On August 1, 2022, in connection with our entry into the EVO merger agreement, we obtained commitments for a $4.3 billion, 364-day senior unsecured bridge facility. Upon the execution of permanent financing, including the issuance of our senior unsecured notes and entry into the revolving credit facility described above, the aggregate commitments under the bridge facility were reduced to zero and terminated. For the year ended December 31, 2022, we recognized expense of $17.3 million related to commitment fees associated with the bridge facility, which was presented within interest and other expense in our consolidated statement of income.

Fair Value of Long-Term Debt

As of December 31, 2023, our senior notes had a total carrying amount of $11.6 billion and an estimated fair value of $11.1 billion.
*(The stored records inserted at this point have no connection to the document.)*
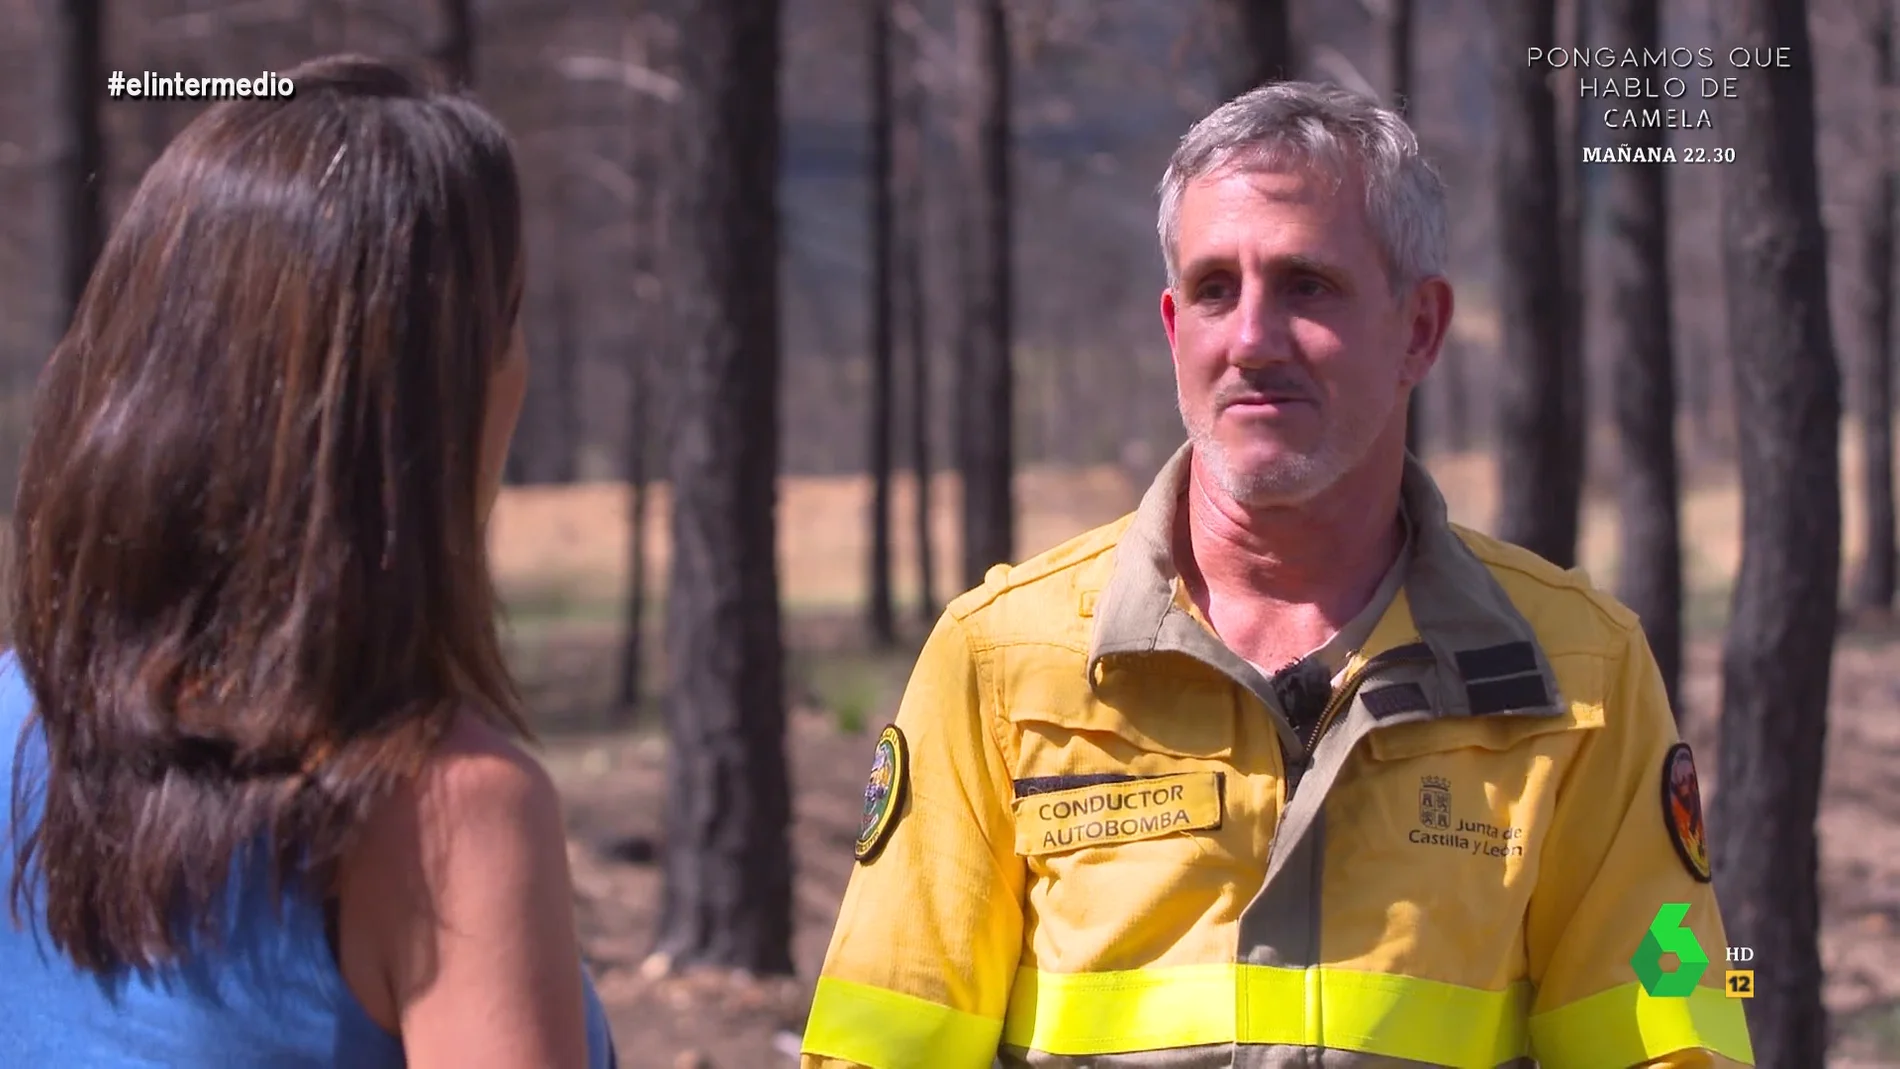 Un bombero forestal denuncia su precaria situación: En Castilla y León no existen los bomberos forestales, somos jardineros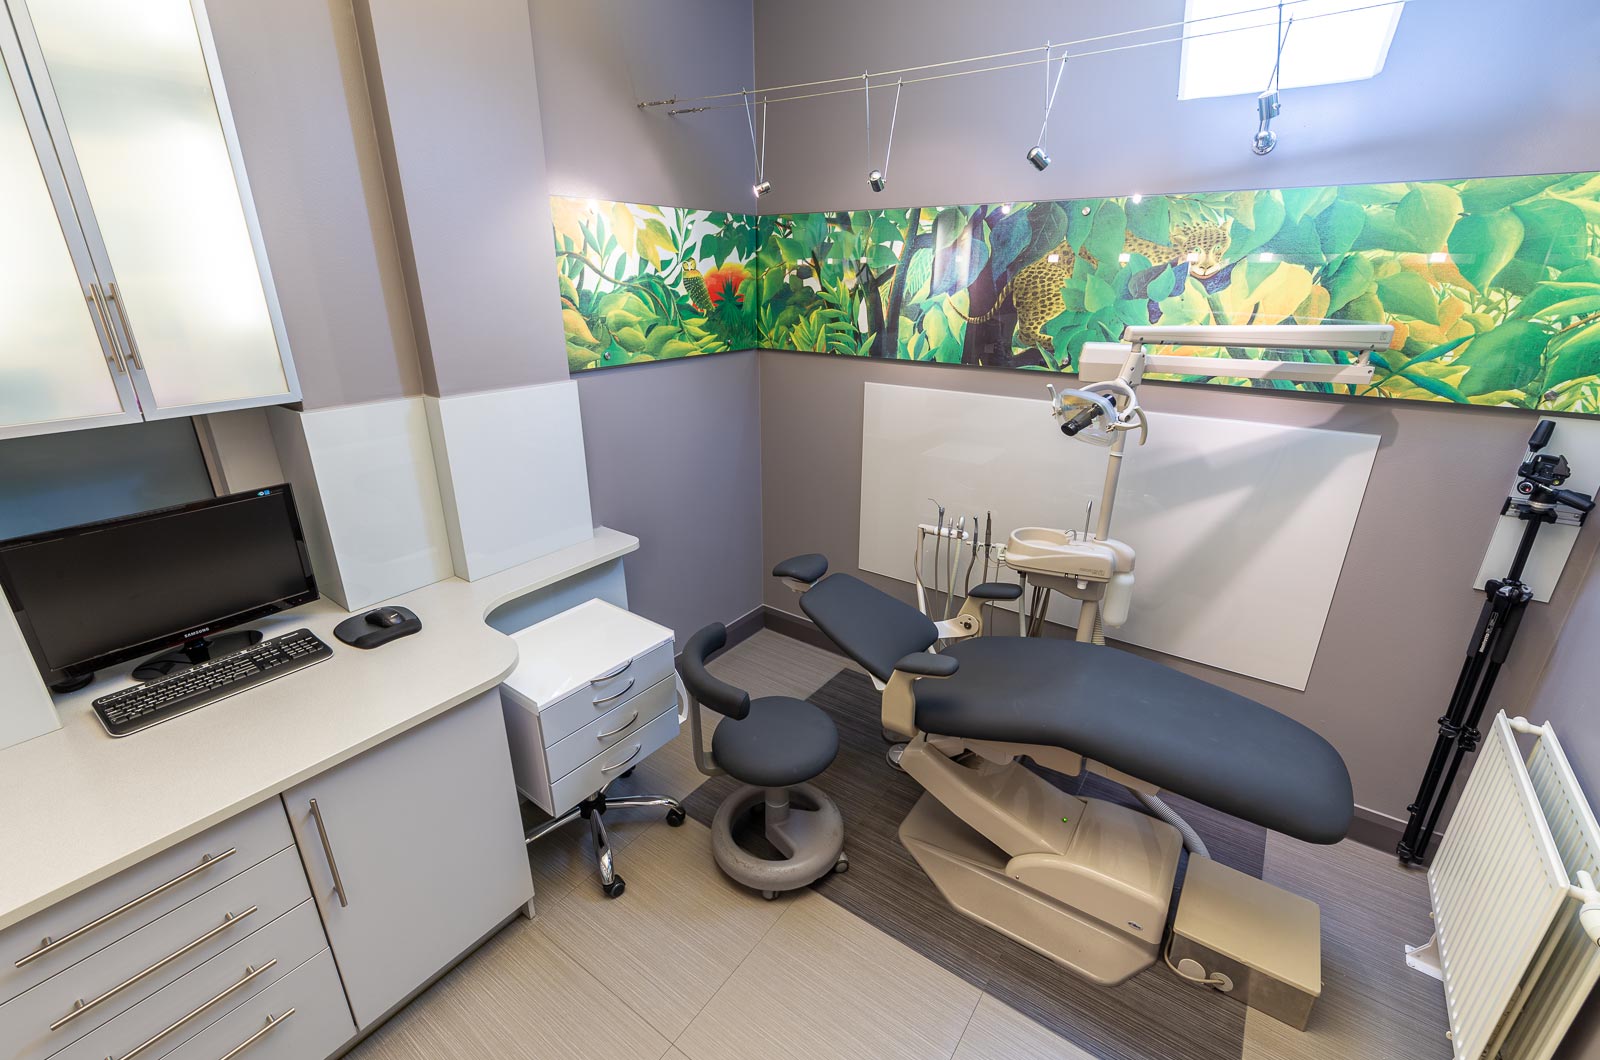 Nasza klinika – galeria zdjęć. Praktyka Ortodontyczna Orthosmile, Wrocław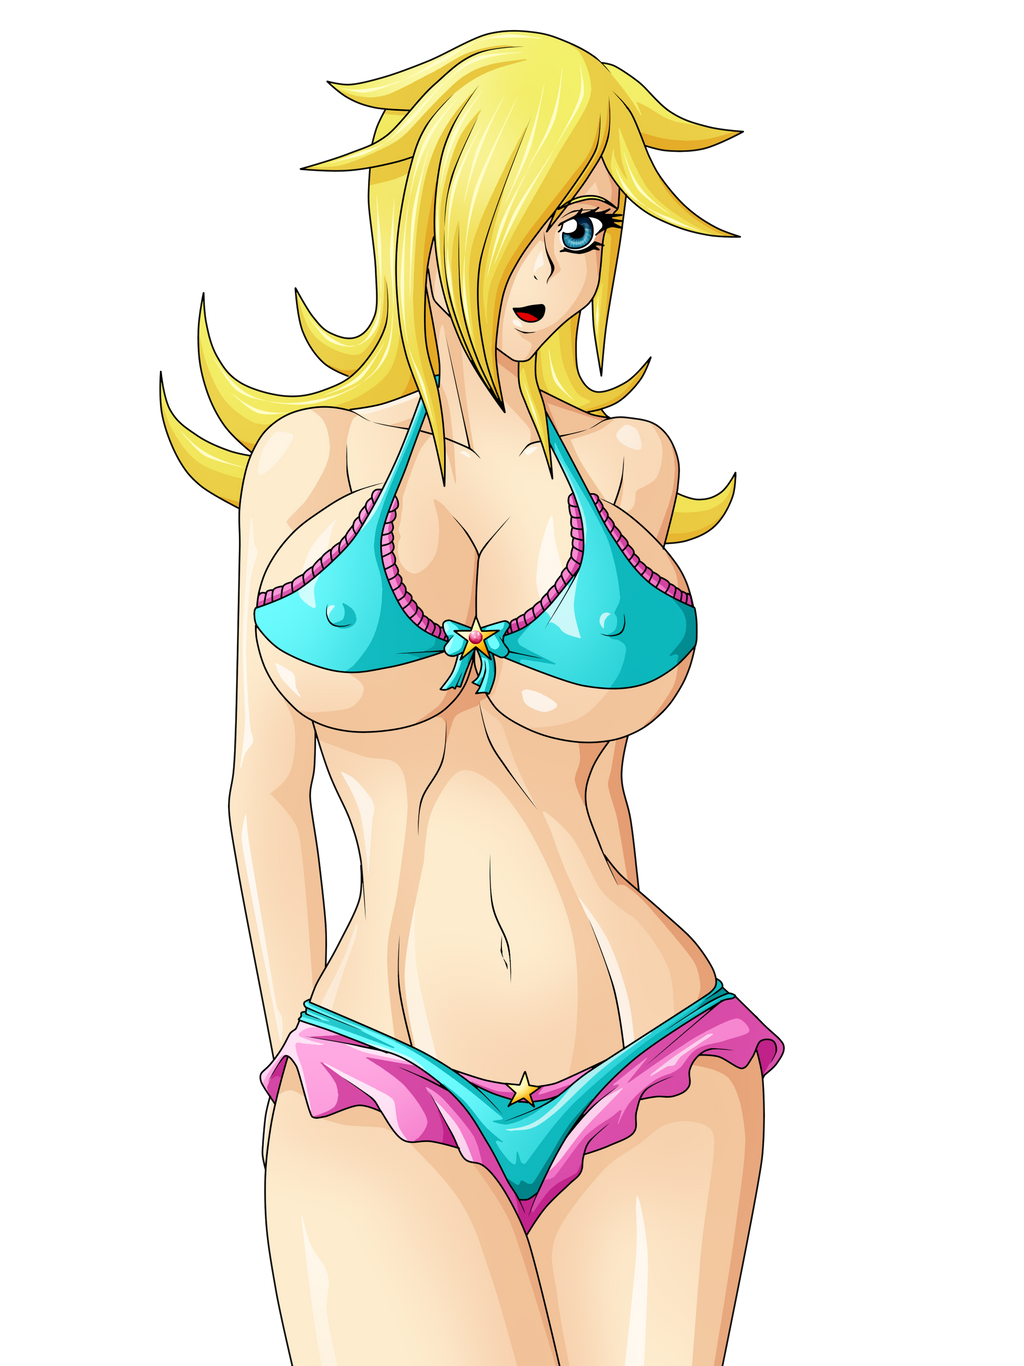 Rosalina in bikini commission.

The estimated fair value of our senior notes was based on quoted market prices in an active market and is considered to be a Level 1 measurement of the valuation hierarchy.

As of December 31, 2023, our convertible notes had a total carrying amount of $1.5 billion and an estimated fair value of $1.7 billion. The estimated fair value of our convertible notes was based on a lattice pricing model and is considered to be a Level 3 measurement of the valuation hierarchy.

The fair value of other long-term debt approximated its carrying amount at December 31, 2023.

Compliance with Covenants

The convertible notes include customary covenants and events of default for convertible notes of this type. The revolving credit agreement contains customary affirmative covenants and restrictive covenants, including, among others, financial covenants based on net leverage and interest coverage ratios, and customary events of default. The required leverage ratio was increased to 4.50 to 1.00 as a result of the acquisition of EVO, and will gradually step-down over eight quarters to the original required ratio of 3.75 to 1.00. As of December 31, 2023, the required leverage ratio is 4.50 to 1.00, and the required interest coverage ratio is 3.00 to 1.00. We were in compliance with all applicable covenants as of December 31, 2023.

Settlement Lines of Credit

In various markets where our Merchant Solutions segment does business, we have specialized lines of credit, which are restricted for use in funding settlement. The settlement lines of credit generally have variable interest rates, are subject to annual review and are denominated in local currency but may, in some cases, facilitate borrowings in multiple currencies. For certain of our lines of credit, the available credit is increased by the amount of cash we have on deposit in specific accounts with the lender. Accordingly, the amount of the outstanding line of credit may exceed the stated credit limit. As of December 31, 2023, a total of $88.5 million of cash on deposit was used to determine the available credit.
As of December 31, 2023, we had $981.2 million outstanding under these lines of credit with additional capacity to fund settlement of $1,852.5 million. During the year ended December 31, 2023, the maximum and average outstanding balances under these lines of credit were $1,506.5 million and $515.7 million, respectively. The weighted-average interest rate on these borrowings was 5.95% at December 31, 2023.

Interest Expense

Interest expense was $629.8 million, $437.0 million and $328.0 million for the years ended December 31, 2023, 2022 and 2021, respectively.